§ **RECORDED DATA**
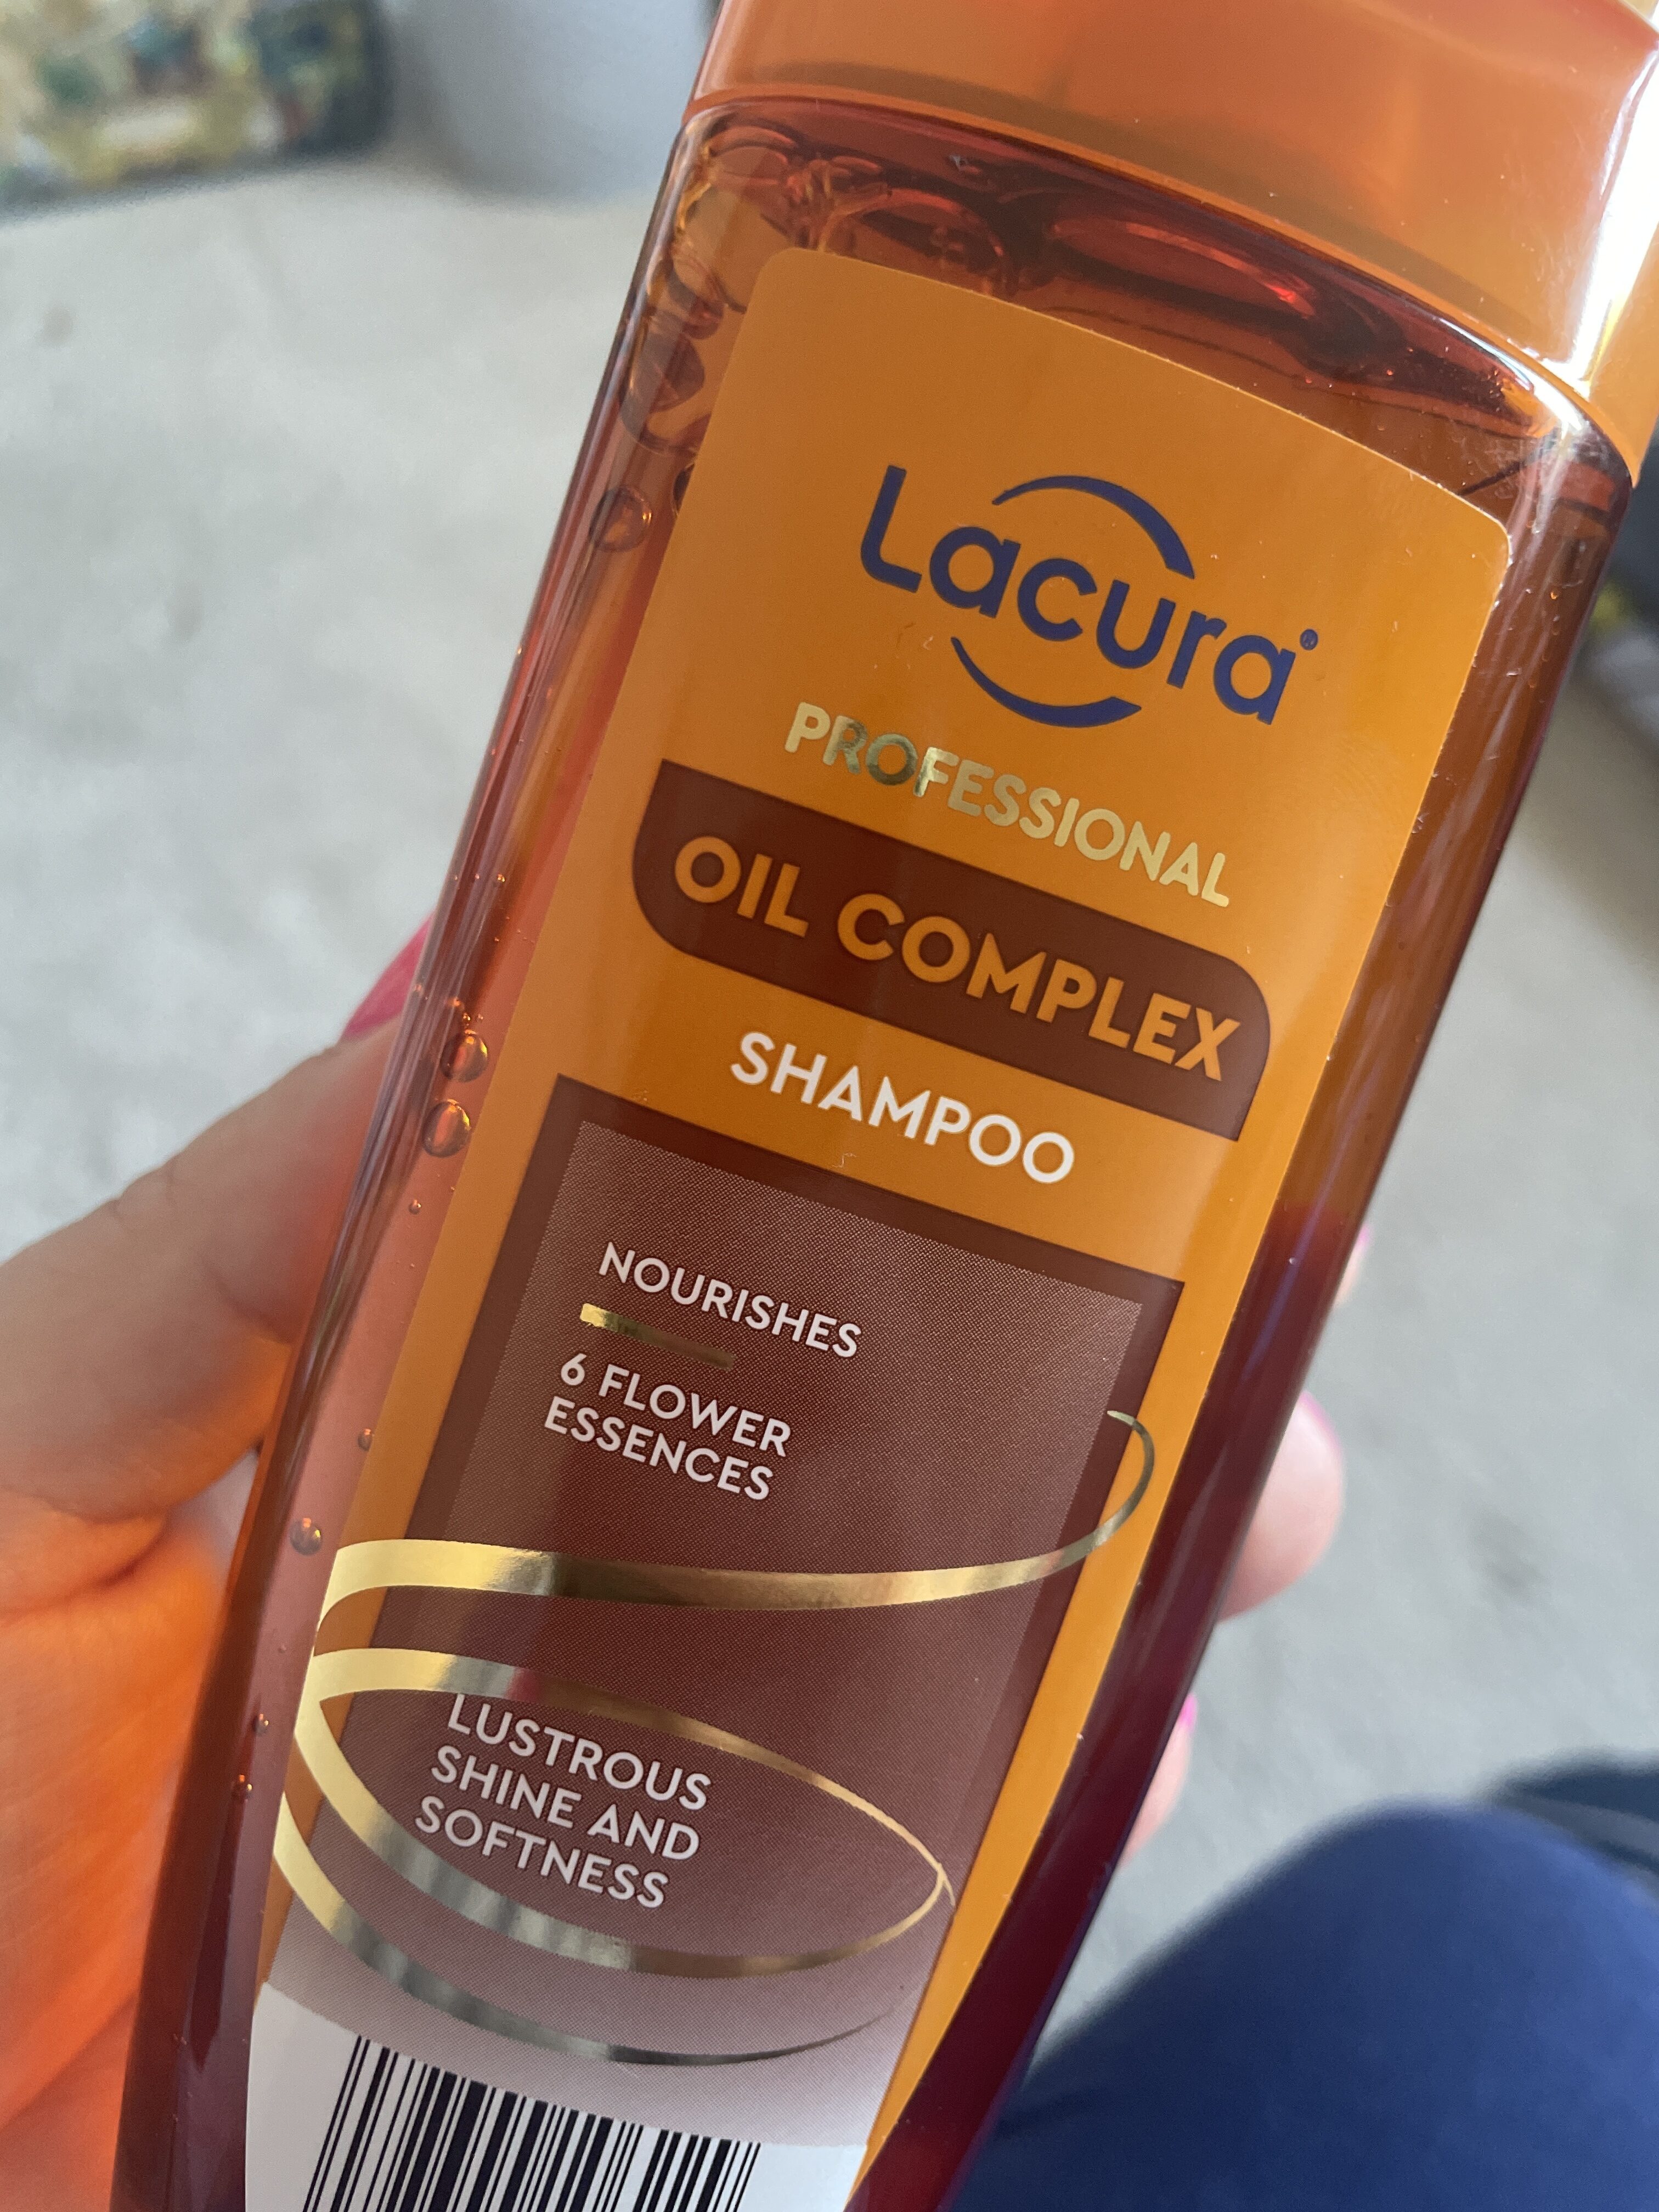 Oil complex shampoo - Product - en
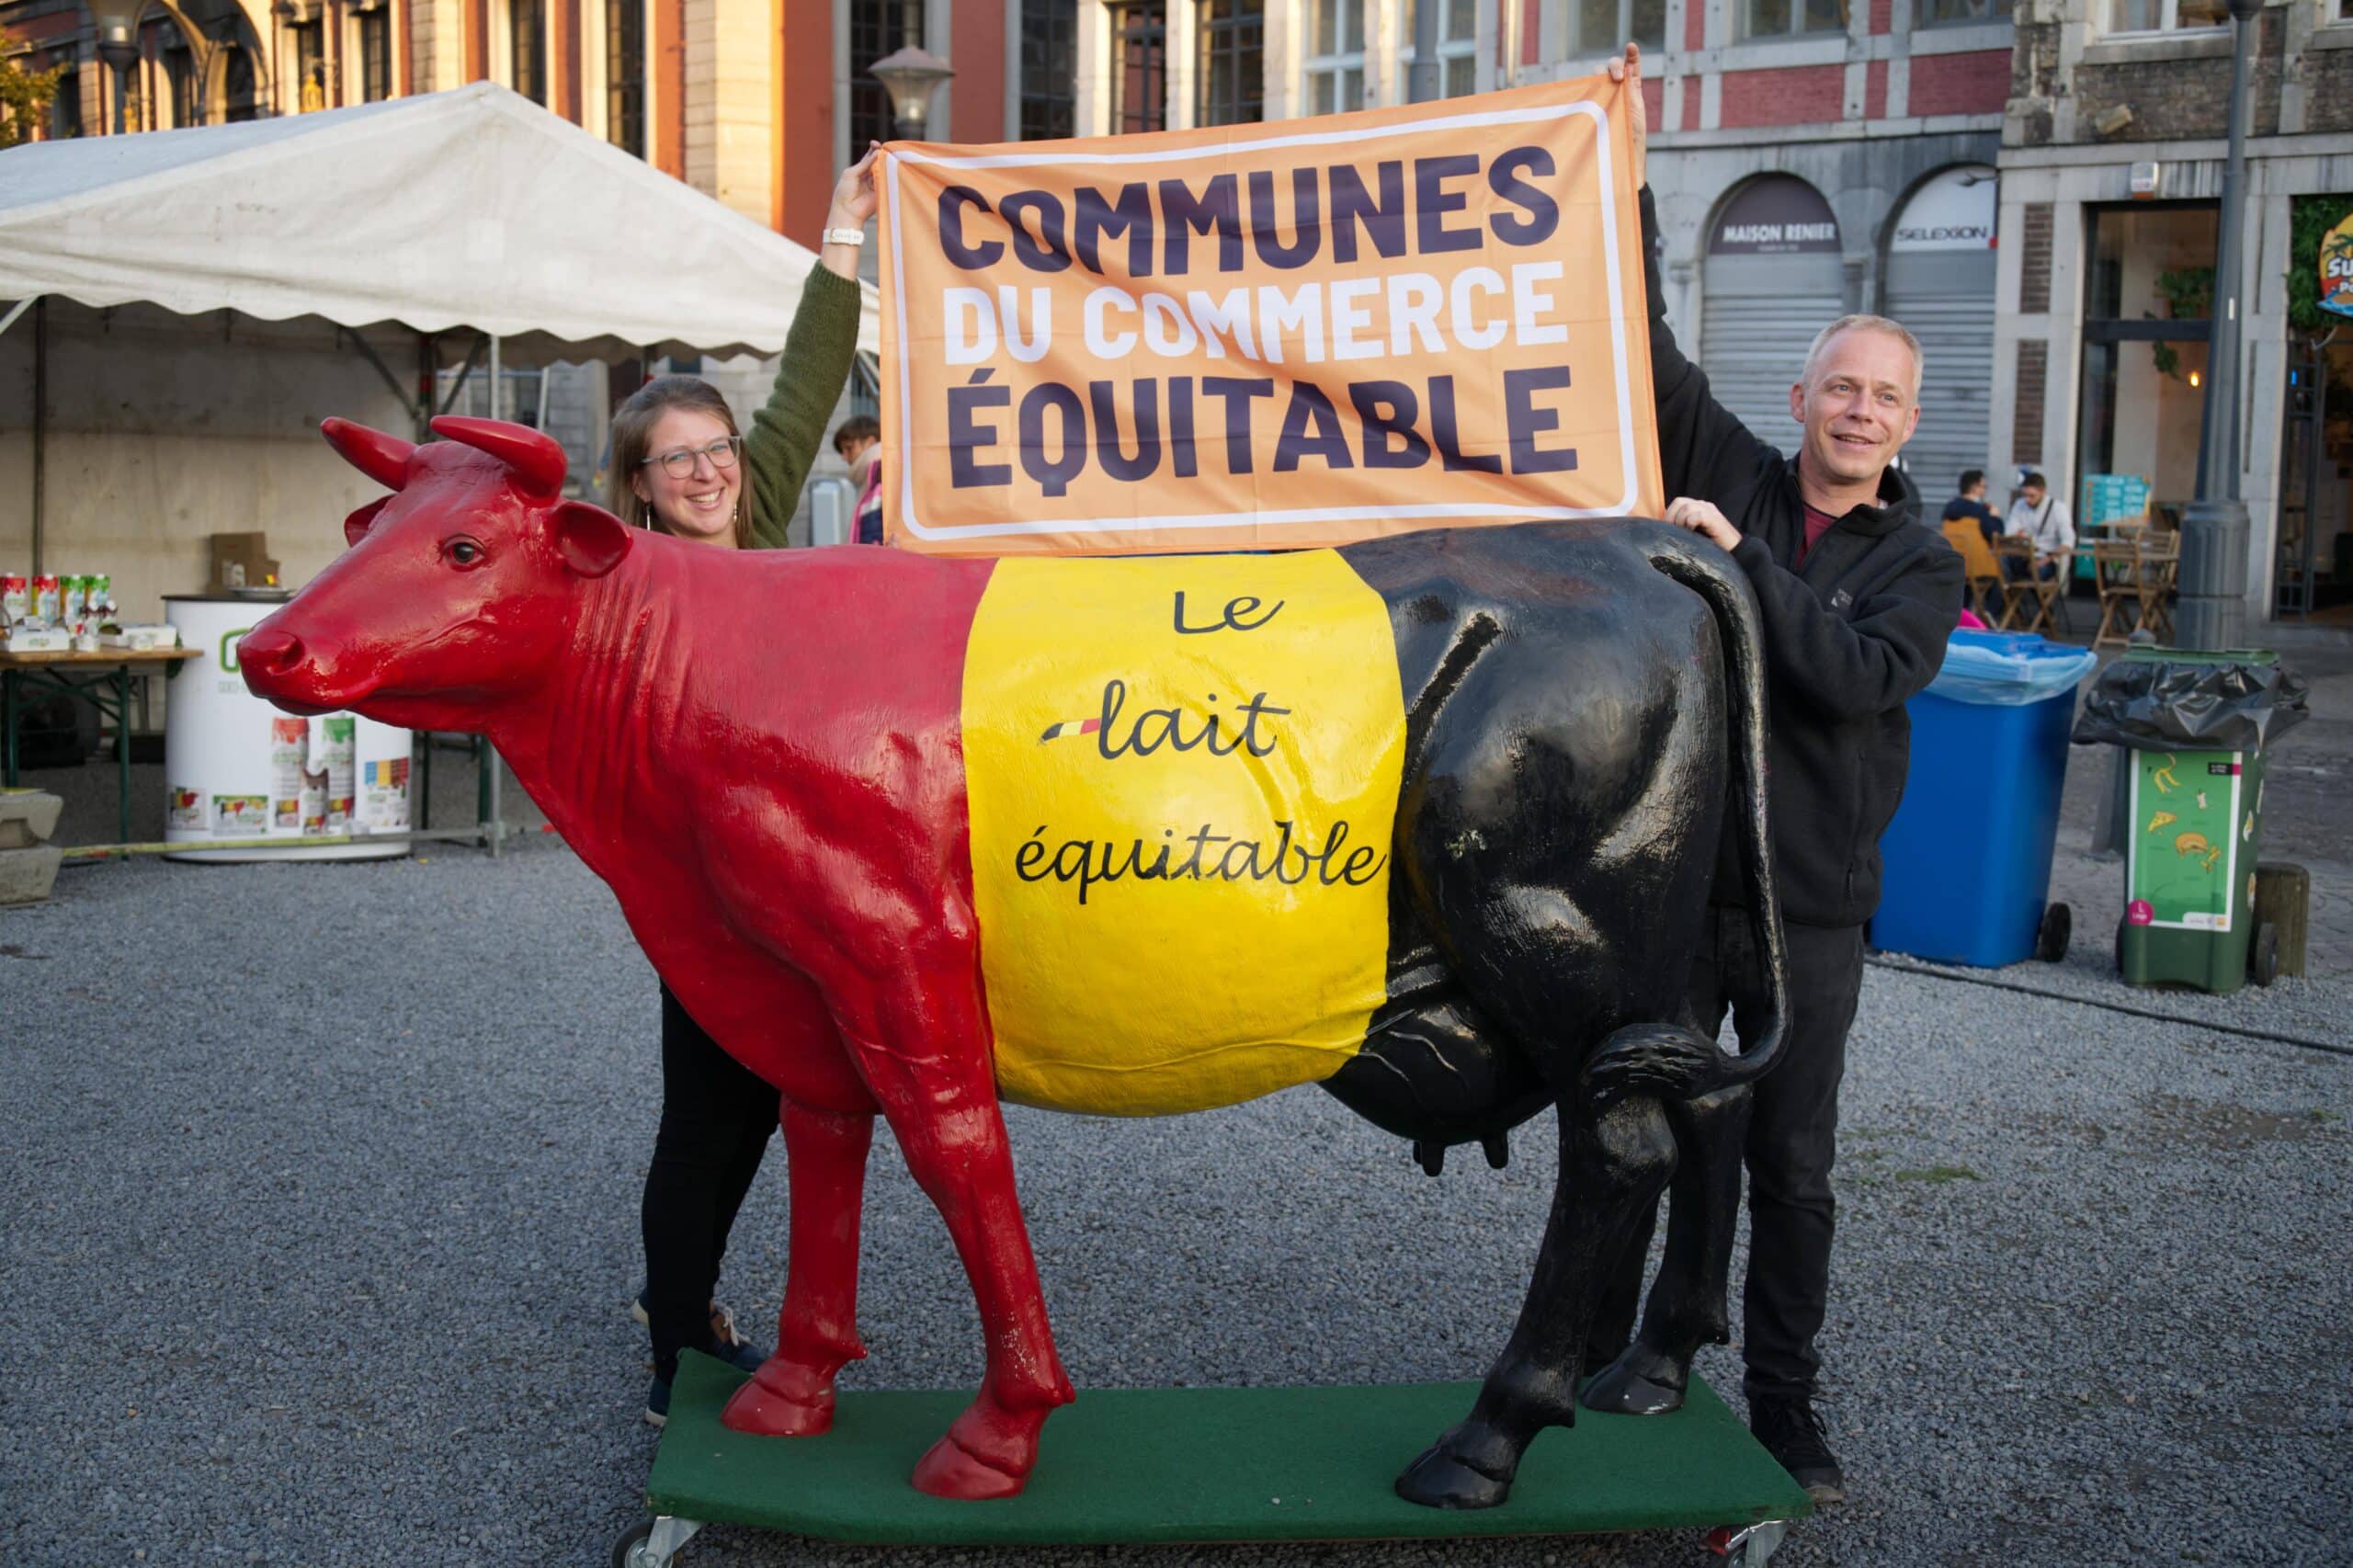 Liège titrée « commune du commerce équitable »
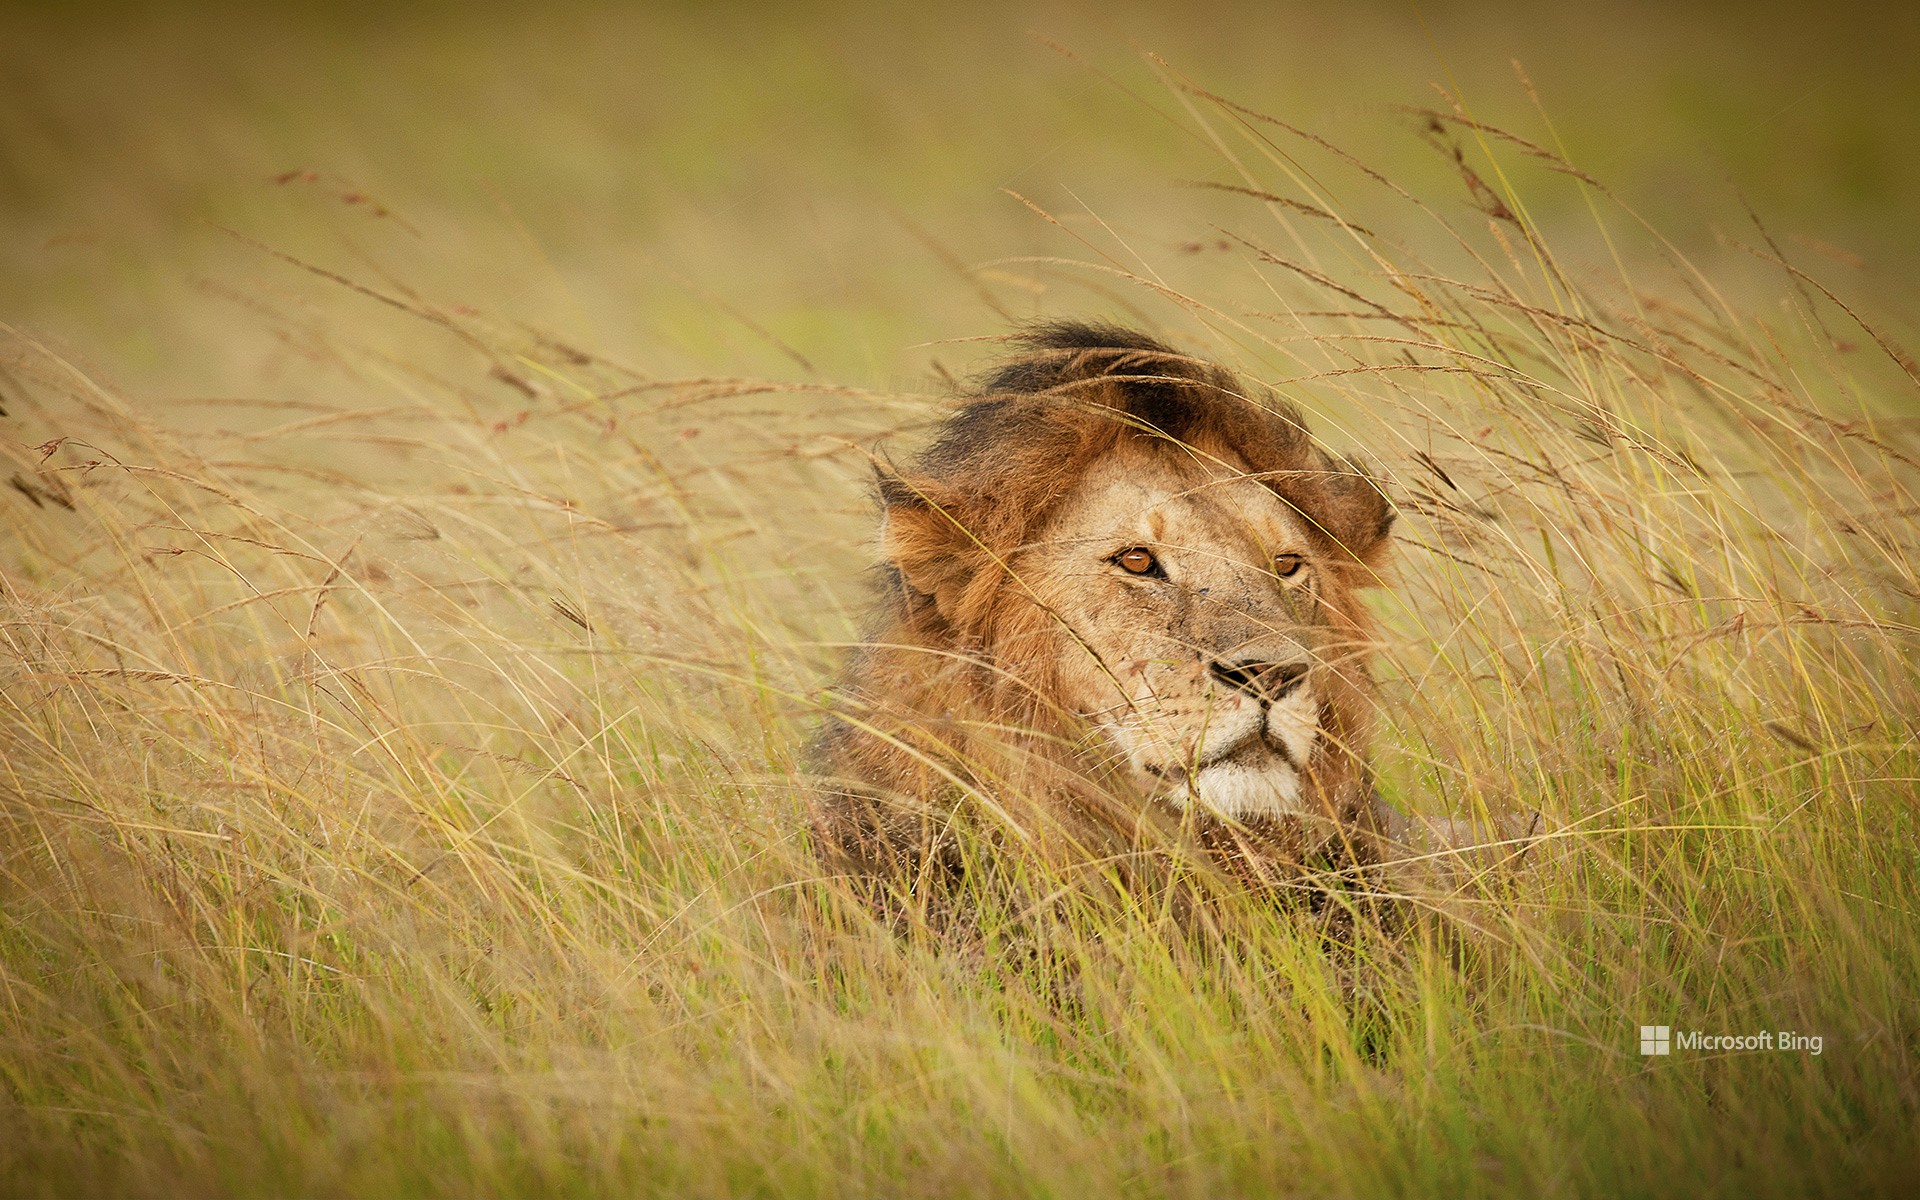 A lion in Maasai Mara, Kenya

§ **EXERCISE GOAL**
Reproduce the data above word for word and omit the images.

§ **ANSWER TO THIS TASK**
 Oil complex shampoo - Product - en
 Liège titrée « commune du commerce équitable »
 A lion in Maasai Mara, Kenya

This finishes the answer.